How would you implement afu_read? There are several sources of events.
Fred
Excerpts from Frederic Barrat's message of 2016-03-09 20:27:20 +1100:
> So on afu_read(), we may call afu_driver_ops->event_pending() twice
> before calling afu_driver_ops->deliver_event(). Actually, in the
> (likely) scenario where there's only an afu_driver event pending, we
> *will* call afu_driver_ops->event_pending() twice. Wouldn't it make
> sense to cache it then?
Yep, will change it.
Excerpts from Vaibhav Jain's message of 2016-03-10 01:37:56 +1100:
> > + select CXL_AFU_DRIVER_OPS
> I suggest wrapping the driver_ops struct definition and other related
> functions inside a #ifdef CONFIG_CXL_AFU_DRIVER_OPS.
No, the kconfig option is there so that cxlflash can add support for
this and not have to worry about breaking any builds if their code is
merged into the scsi tree that doesn't have our code yet.
There is nothing optional about this within our driver, which is why
this is a select and has no configuration choice of it's own.
On a related matter, we should send a patch to remove some of the
leftover config options that were added to smooth the merging of
cxlflash in the first place (CXL_KERNEL_API, CXL_EEH).
> > +void cxl_set_driver_ops(struct cxl_context *ctx,
> > + struct cxl_afu_driver_ops *ops)
> > +{
> > + WARN_ON(!ops->event_pending || !ops->deliver_event);
> > + ctx->afu_driver_ops = ops;
> > +}
> I would recommend adding a "struct module *" member to afu_driver_ops
> and doing a __module_get on to it here and module_put when we destroy
> the context.

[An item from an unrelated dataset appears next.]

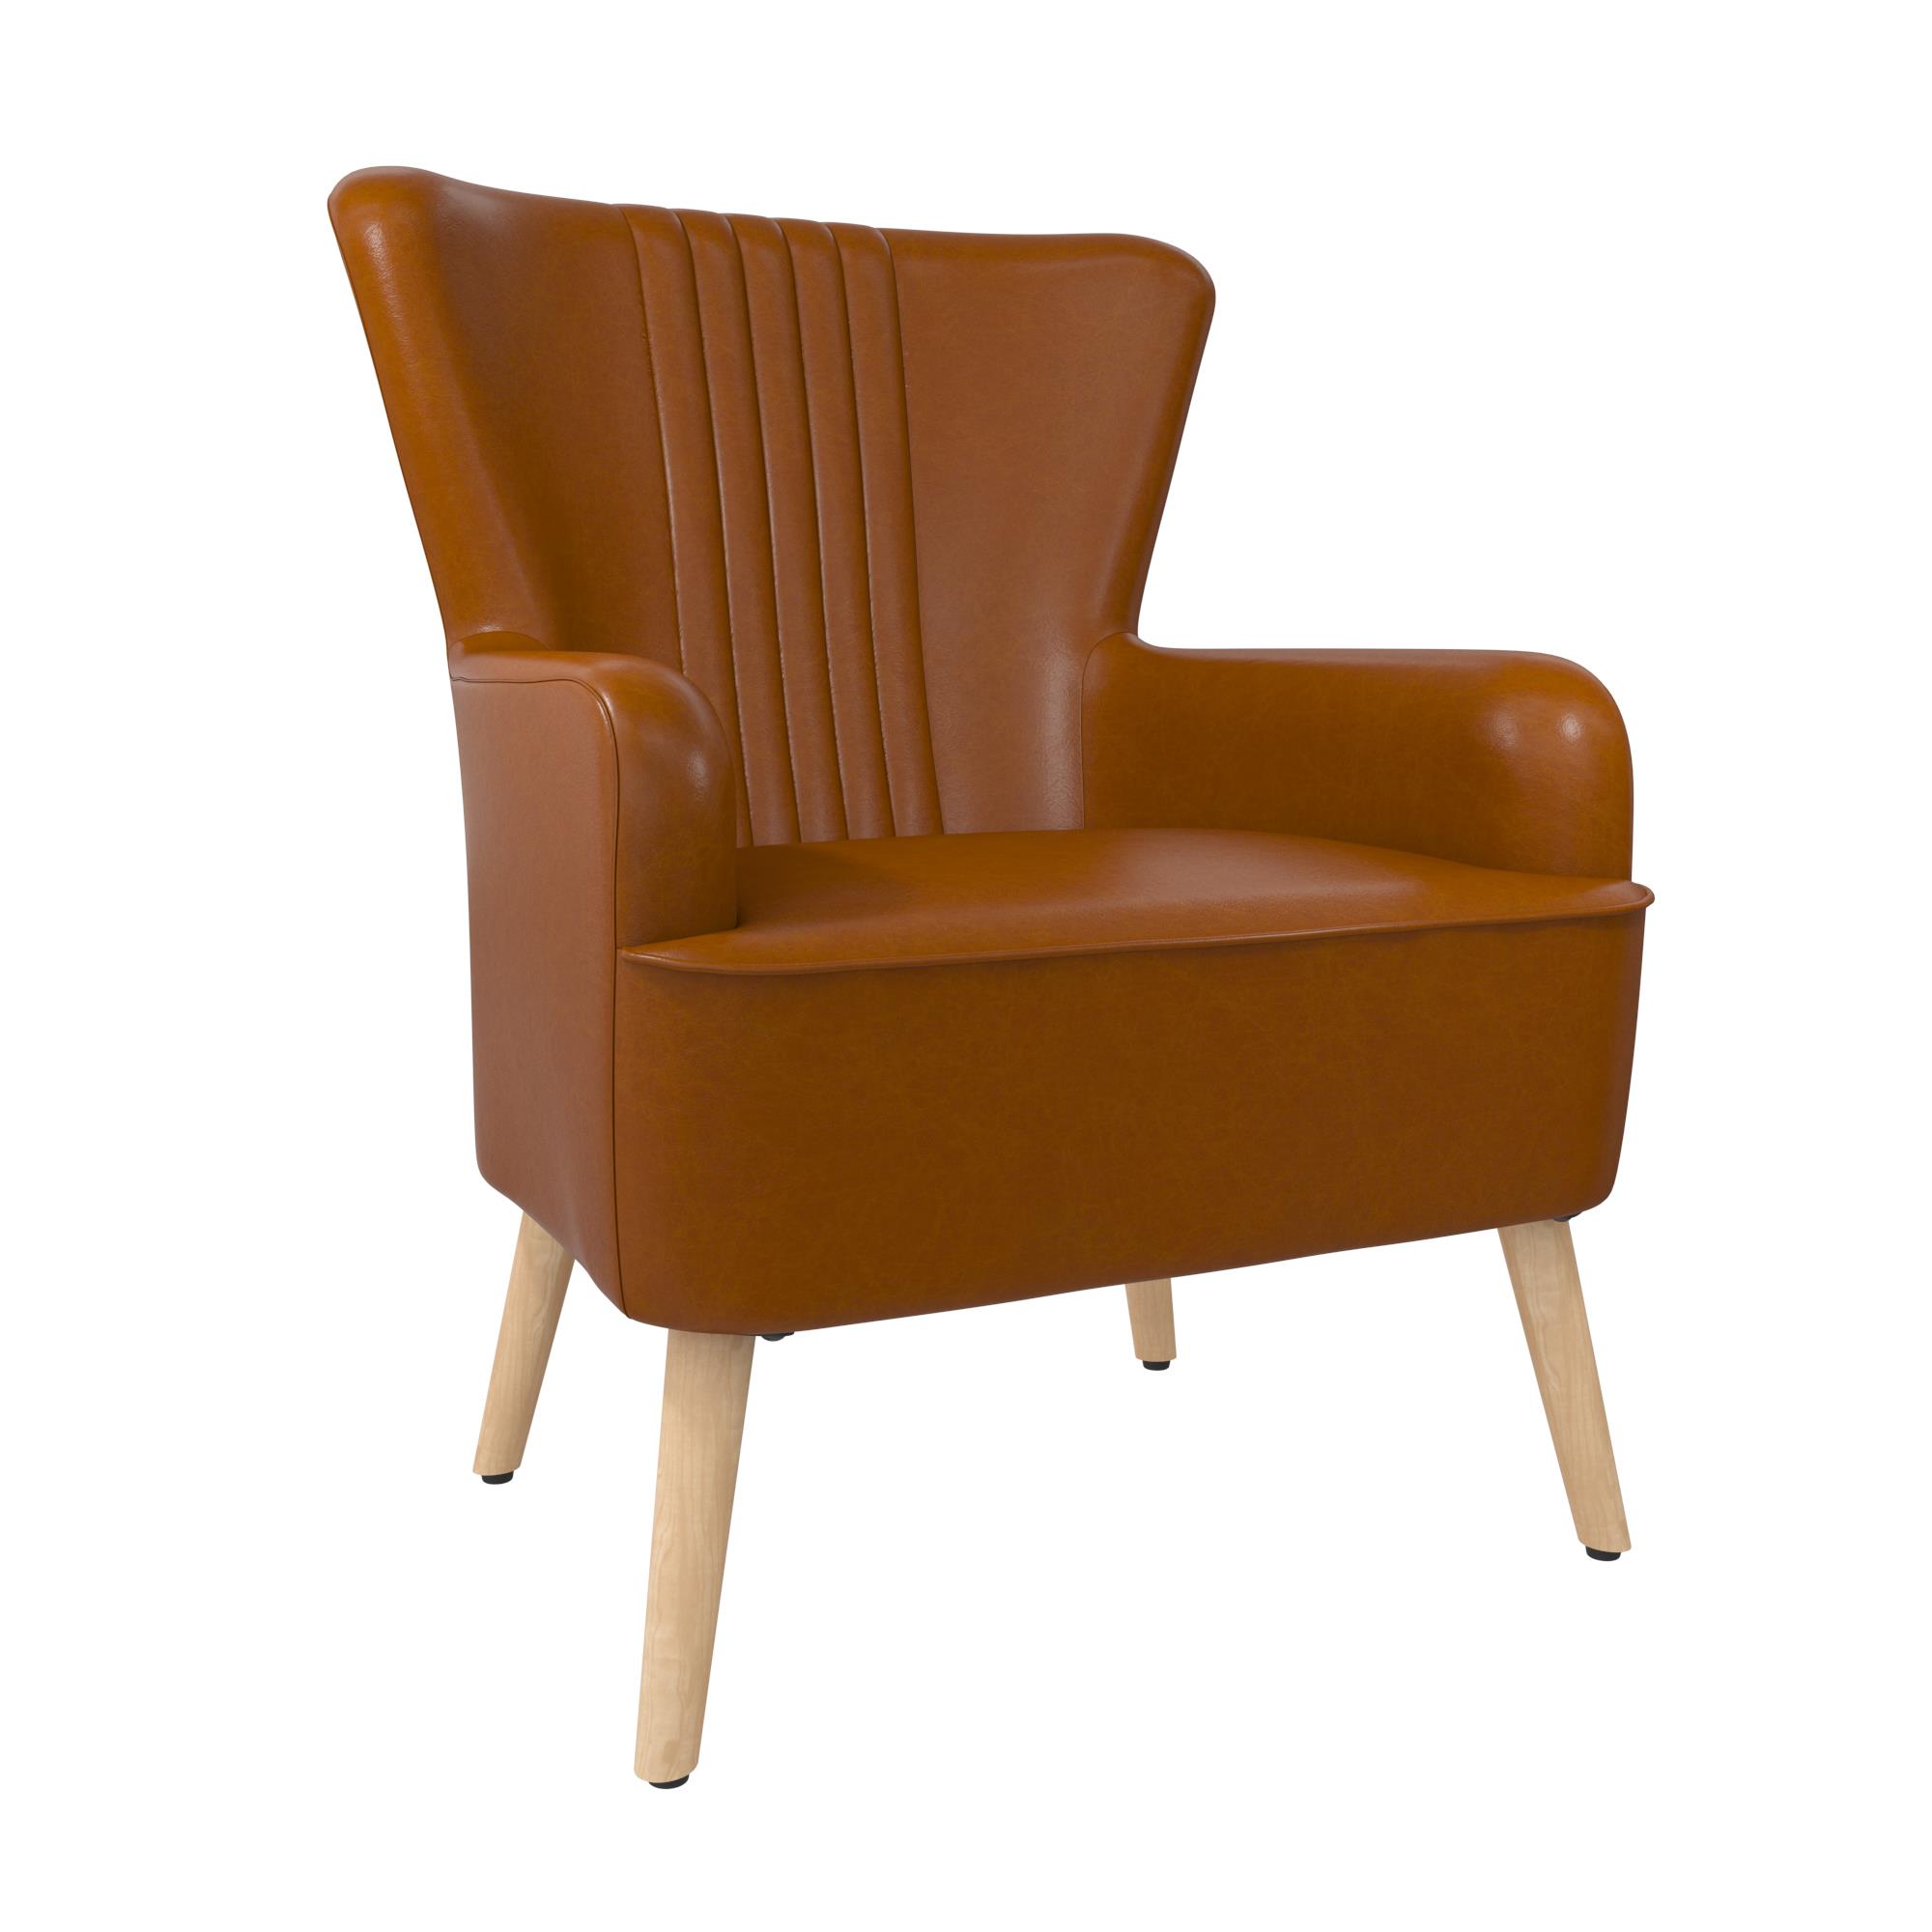 Novogratz William Accent Chair, Camel Faux Leather - image 3 of 15

Since these callbacks will be residing within an external
> module .text region hence it should stay in the memory until the context
> is alive.
ok
> > diff --git a/drivers/misc/cxl/file.c b/drivers/misc/cxl/file.c
> > index 783337d..d1cc297 100644
> > --- a/drivers/misc/cxl/file.c
> > +++ b/drivers/misc/cxl/file.c
> > @@ -295,6 +295,17 @@ int afu_mmap(struct file *file, struct vm_area_struct *vm)
> > return cxl_context_iomap(ctx, vm);
> > }
> >
> > +static inline bool ctx_event_pending(struct cxl_context *ctx)
> > +{
> > + if (ctx->pending_irq || ctx->pending_fault || ctx->pending_afu_err)
> > + return true;
> > +
> > + if (ctx->afu_driver_ops)
> > + return ctx->afu_driver_ops->event_pending(ctx);
> Should also check if ctx->afu_driver_ops->event_pending is NULL before
> calling it.
The v1 patch did exactly that and mpe rejected it as it made this code
too ugly - we now check that event_pending field is valid when it is
registered and WARN if it is not.
> I would propose these two apis.
>
> /*
> * fetches an event from the driver event queue. NULL means that queue
> * is empty. Can sleep if needed. The memory for cxl_event is allocated
> * by module being called. Hence it can be potentially be larger then
> * sizeof(struct cxl_event). Multiple calls to this should return same
> * pointer untill ack_event is called.
> */
> struct cxl_event * fetch_event(struct cxl_context * ctx);
>
> /*
> * Returns and acknowledge the struct cxl_event * back to the driver
> * which can then free it or maybe put it back in a kmem_cache. This
> * should be called once we have completely returned the current
> * struct cxl_event from the readcall
> */
> void ack_event(struct cxl_context * ctx, struct cxl_event *);
>
> I think above apis would give us more flexbility in the future when
> drivers would want to send larger events without breaking the abi.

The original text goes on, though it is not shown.